Pienso en todos aquellos que ya no están. No volveremos a verlos, y su mudez se nos antoja al principio ridícula, después insoportable. “No existen los seres humanos fuertes”, decía el otro día Benjamín Prado, amigo de Almudena Grandes. Nos dejó helados su pérdida, huérfanos de la vehemencia con la que expresaba las cosas y proyectaba su ansia de escribir: “Es como una sed”, me confesó. En los dos últimos años se han acumulado las ausencias, y tal vez como muro ante el frío, tan solo recuerdo sus risas. Las de Luis Eduardo Aute, tan silenciosamente elegantes; las de Ivana Markovich, que se reía con todo el cuerpo y en eslavo; las de Enrique Campos, que se doblaba literalmente de risa al tiempo que aplaudía; las de Marta Garau, que vivía con la sonrisa puesta; las de José María Cámara, cuando me regalaba en El Qüenco de Pepa historias pillas de Julio Iglesias; las de Montserrat Franquesa, con quien aprendimos a reírnos como los mayores en el colegio de monjas; las de Sylvia Polakov, con su gracejo esnob y la cámara siempre al cuello.

Apenas pensamos en la muerte. Nuestras fantasías narcisistas se recrean en el funeral y en la pena de los que todavía nos quieren y nos aguantan, y poco más.

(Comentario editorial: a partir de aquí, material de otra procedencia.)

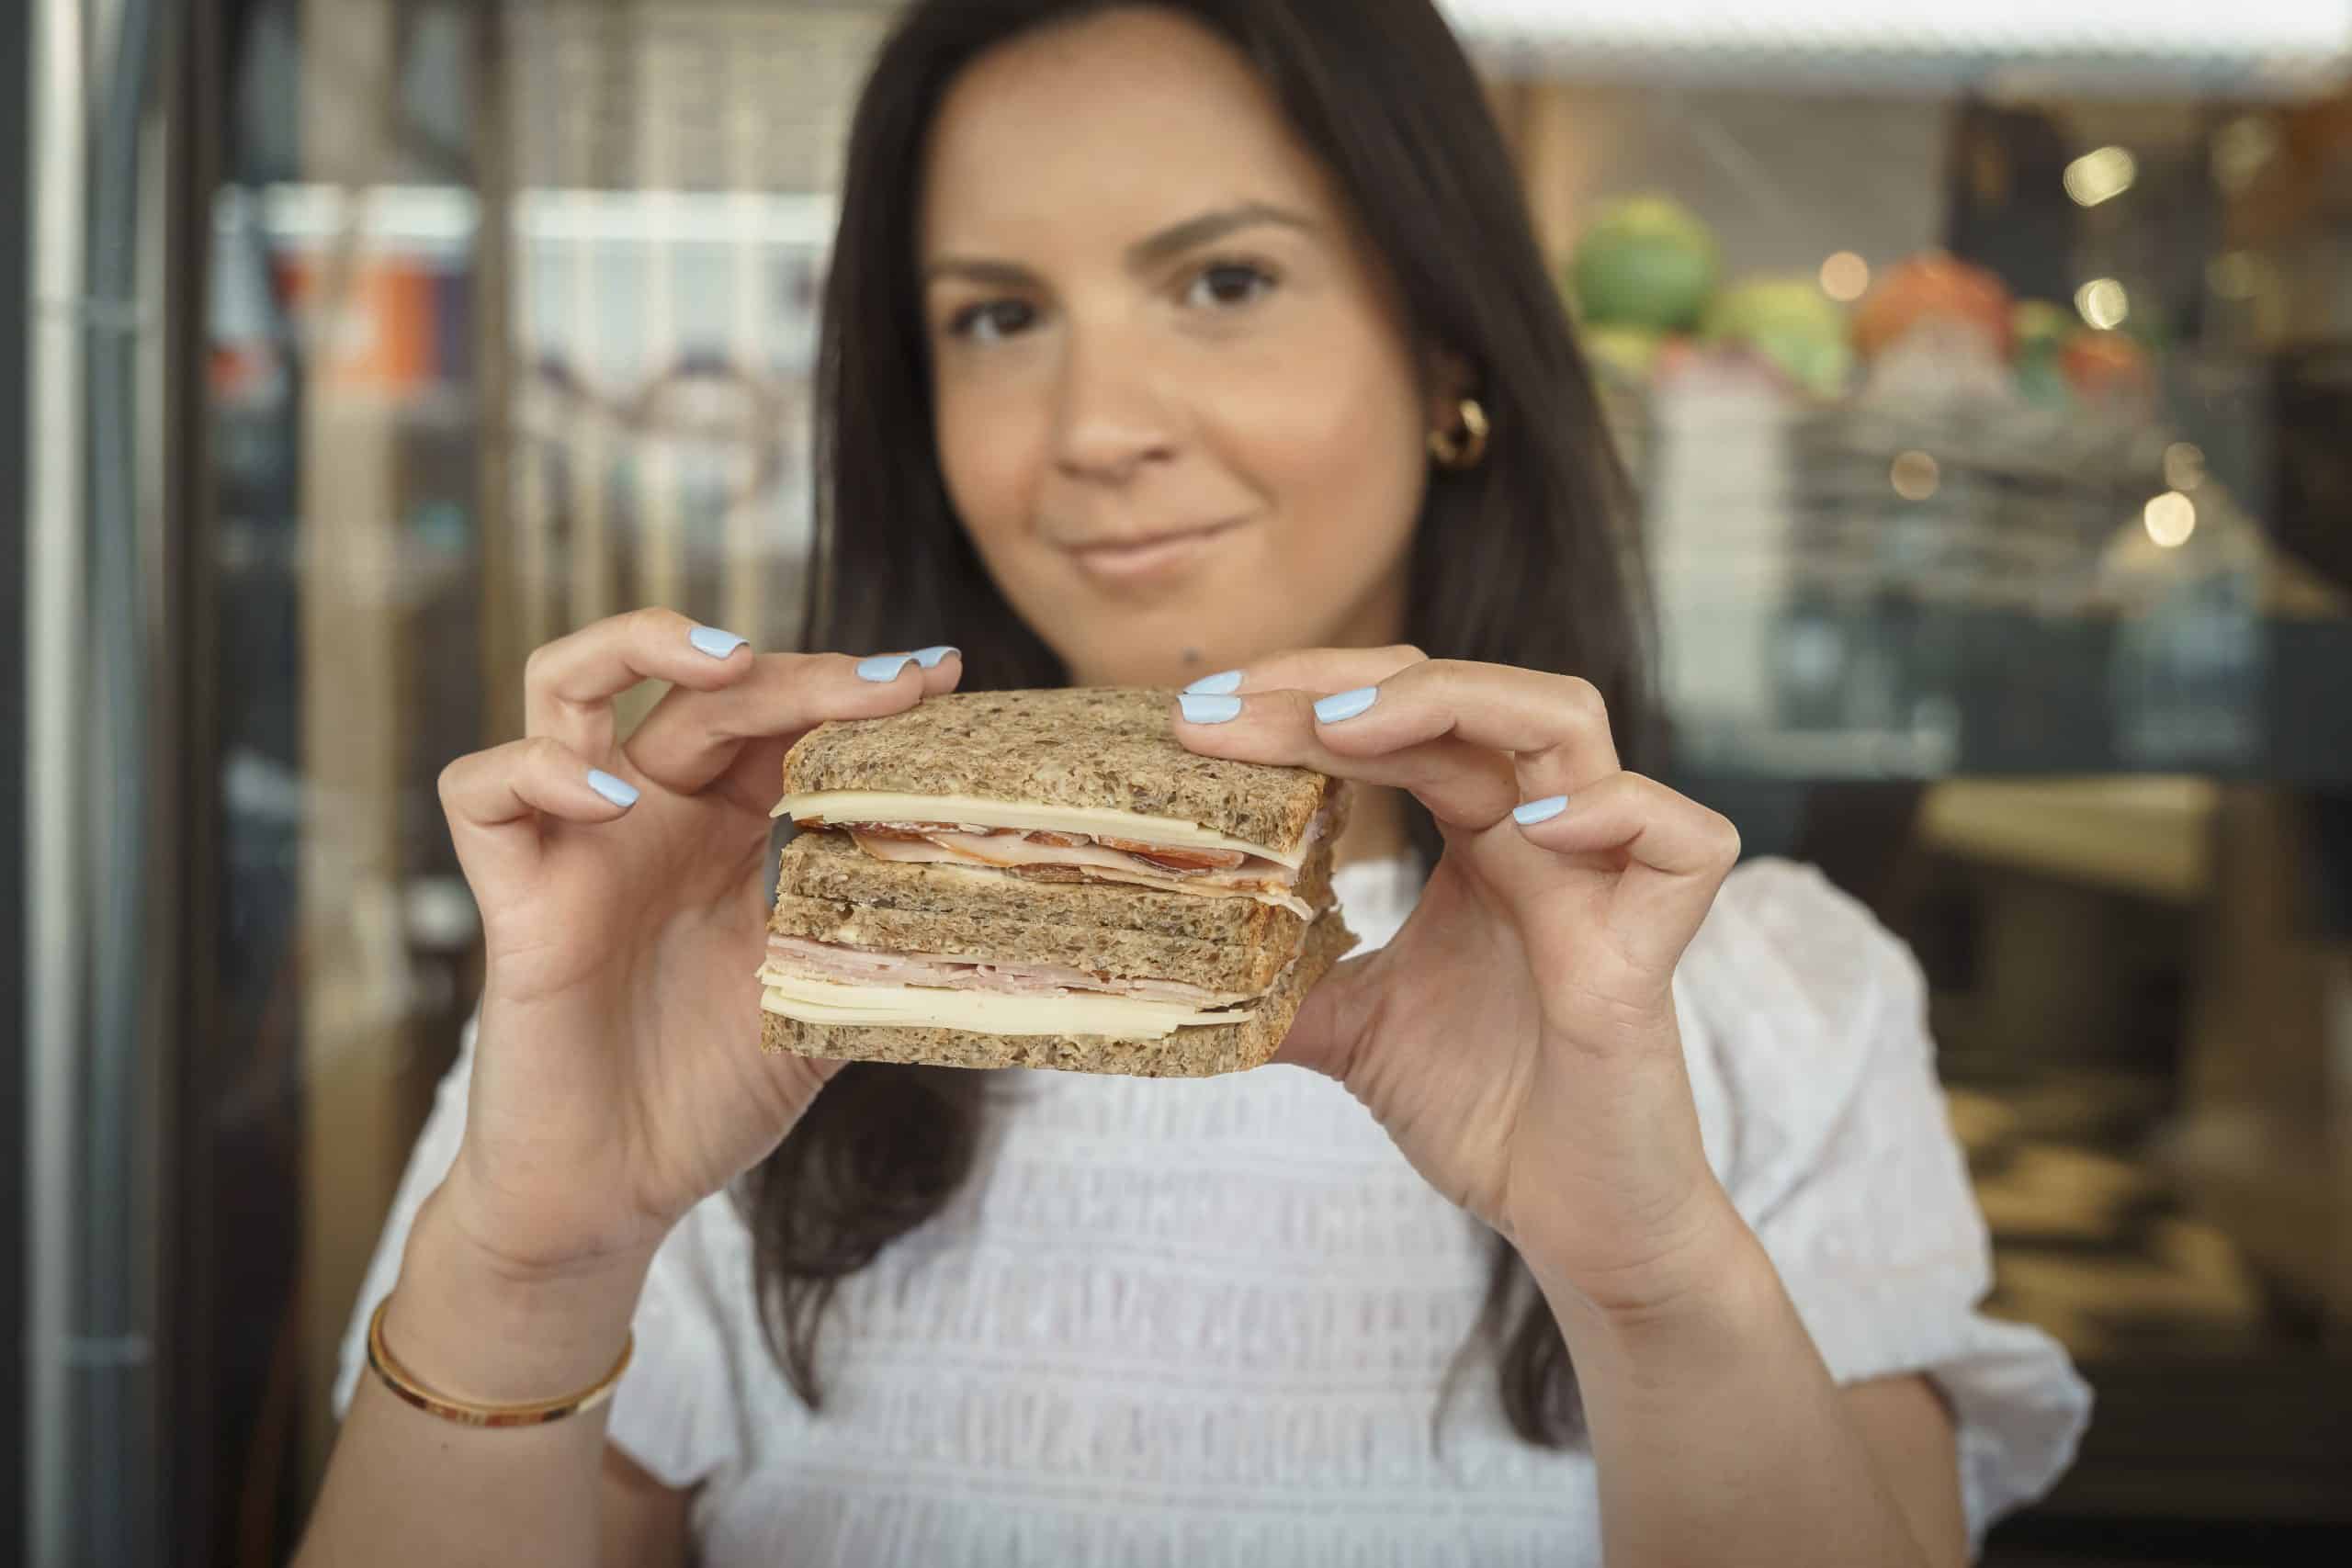 $29 ham and cheese sandwich a total rip-off — so why are NYers eating it up?
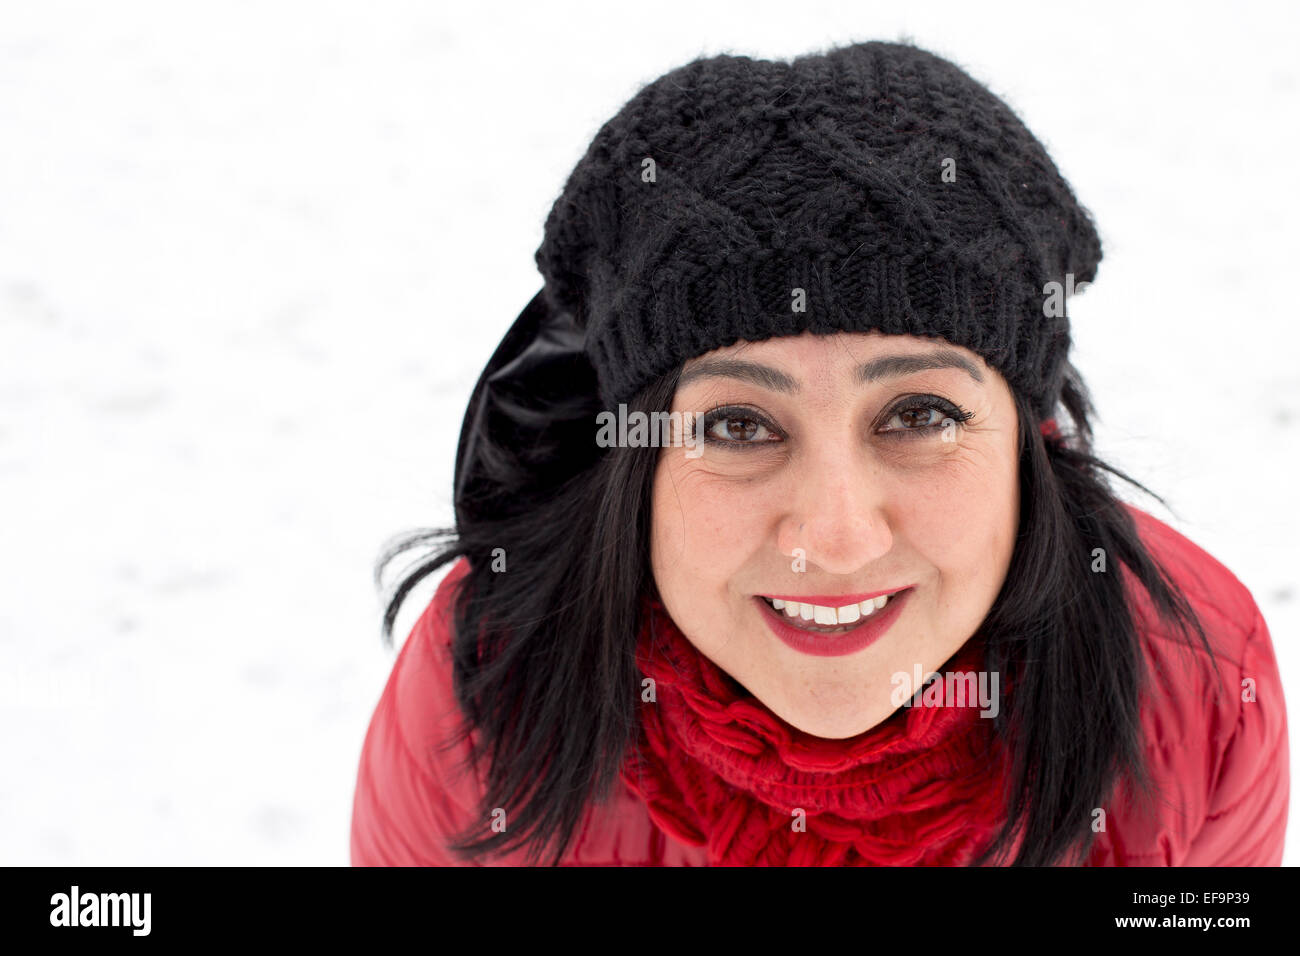 Black haired Turkish women looking at the camera on a snowy day background Stock Photo

Ahuyentamos la mera idea porque parece si no que invitemos a la parca a merodear a nuestro lado.

Joan Carles Trallero, en ¿Morirme yo? No, gracias (Libros de Vanguardia), afirma que pensar en ella “va ligado a pensar en nuestra vida, a conectar con aquello que de verdad nos sostiene”. Incluso cuando nuestra aflicción amenaza con abatirnos. En cambio, el miedo a la muerte responde a desperdiciar los días que nos quedan, sin escuchar su susurro interior: ¡rápido, tu vida!

Artículo publicado en La Vanguardia el 4 de diciembre de 2021.

Publicado en La Vanguardia

Un comentario

  1. Martín Martín

    Cada tanto, vuelve a leer este escrito tuyo. Es como “las Chismosas” de camille Claudel, petit et énorme.
    Joana, llegó un momento en mi vida que eran tantos los ausentes, que empecé a vivir con los vivos. Quedan mi viejo y mi tía, lejos como siempre, y vivo tratando de no pensar en el tic tac inexorable.